Name .... Briana Meyer
Address .... No# 706 jute court, 58 abbey road barking
City .... Essex
Postcode .... IG11 7FT
Country .... United Kingdom

Bitte beachten Sie: STELLEN SIE SICHER, DASS SIE ÜBERPRÜFEN SIE IHREN
Posteingang und Ordner für Junk-E-MAIL, UM SICHERZUSTELLEN, DASS SIE
BEKOMMEN DIE BESTÄTIGUNG MAIL, DA DIE Bestätigungsmail GEHT IN DEN
ORDNER irgendwann. Also bitte mir eine e-mail sobald die Lieferung
wurde zu meinem Sohn. Vielen Dank und ich hoffe bald von Ihnen zu
hören ...


----------



## PresumedInnocent (18 Oktober 2014)

Auch zu meiner Anzeige hat diese gewisse Briana Meyer geschrieben, nur seltsam ist dass sie vorher auf kleinanzeigen meine private email adresse wissen wollte. Dort war sie/er unter dem Namen '*Jänicke*' angemeldet.


Email:

Ich zahle Ihnen 600EUR für das Element + 40EUR für den Versand nach
London per DHL-Paket .

Allerdings Bitte geben Sie Ihre Bankverbindung wie unten für den übertragen des

Geldes.

Name der Bank:
BLZ:
Swift-Code:
Kontoinhaber:
Kontonummer:
IBAN Nummer:
Land:

Hoffnung, von Ihnen bald zu lesen über Ihre Bankverbindung für die Zahlung ist.

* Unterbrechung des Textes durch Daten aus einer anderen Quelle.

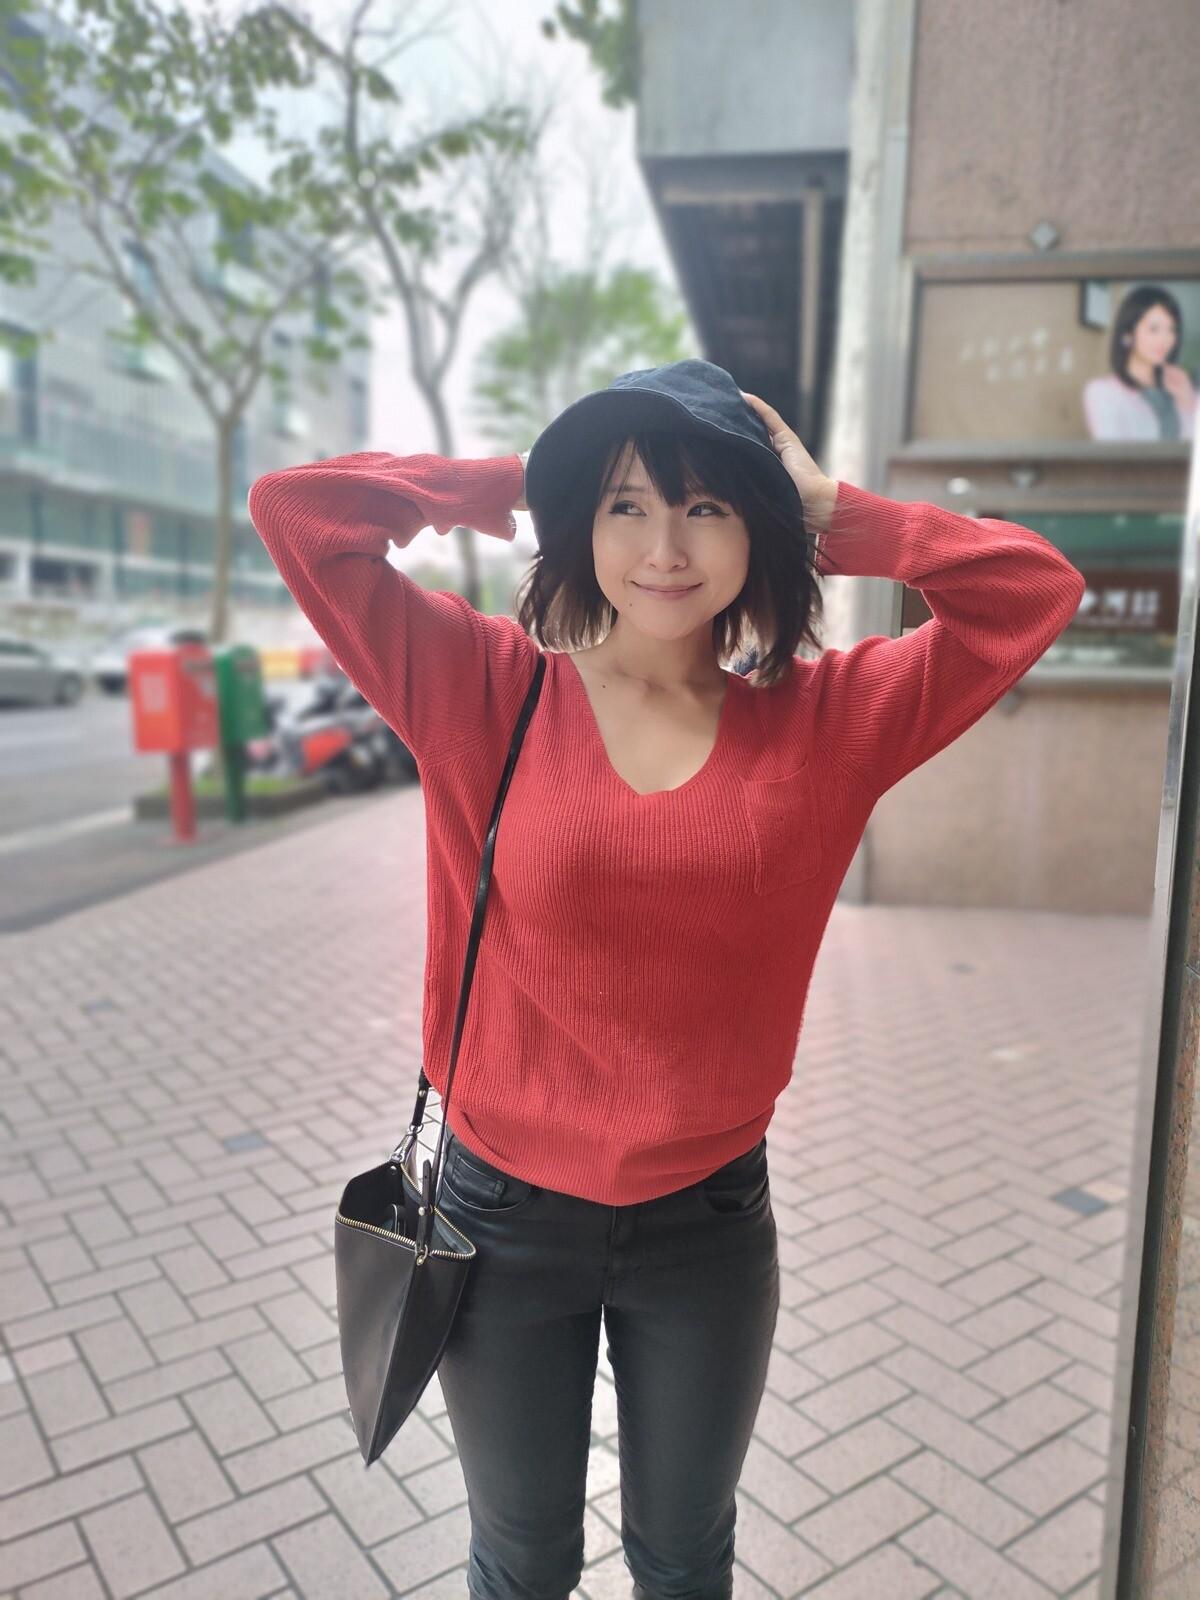 台灣最便宜 S888 手機來了!Realme GT 開箱性能測試 / 電力續航 / 快充測試 / 相機實拍 @3C 達人廖阿輝

Vielen Dank und Auf Wiedersehen.

Hier ist die Lieferadresse:

Name : Briana Meyer
Address : No# 82 Draper Close
City : Grays
Postcode : RM20 4BJ
Country : United Kingdom


----------



## Michas Perle (20 Oktober 2014)

Hallo alle zusammen,
Auch ich habe von ner gewissen Briana Meyer mehr geboten bekommen. 
Heute erhielt ich die Mail von der Bank, das der Transfer zu 95% abgeschlossen ist und ich nun noch die Trackingnummer senden soll, damit das Geld auf meinem Konto gut geschrieben wird
Als ich nun eine erneute Mail zu Briana Meyer schrieb, das ich doch lieber das Geld erst auf meinem Konto hätte, erhielt ich kurzer Hands eine Mail von der Bank. Wo noch einmal erläutert wurde,das der Transfer erst abgeschlossen wird nach Erhalt von der Trackingnummer. 
Ich werde nen Zettel in nen Paket fertig machen. 
Mal sehen was dann passiert.


----------



## Svenni17 (20 Oktober 2014)

Moinsen,

genau so habe ich das auch erhalten!
Der Link zum 95% Transfer ist ein Witz.

Und ich habe schon etwas älteres zu der Brianna Meyer gefunden....dort noch in Essex...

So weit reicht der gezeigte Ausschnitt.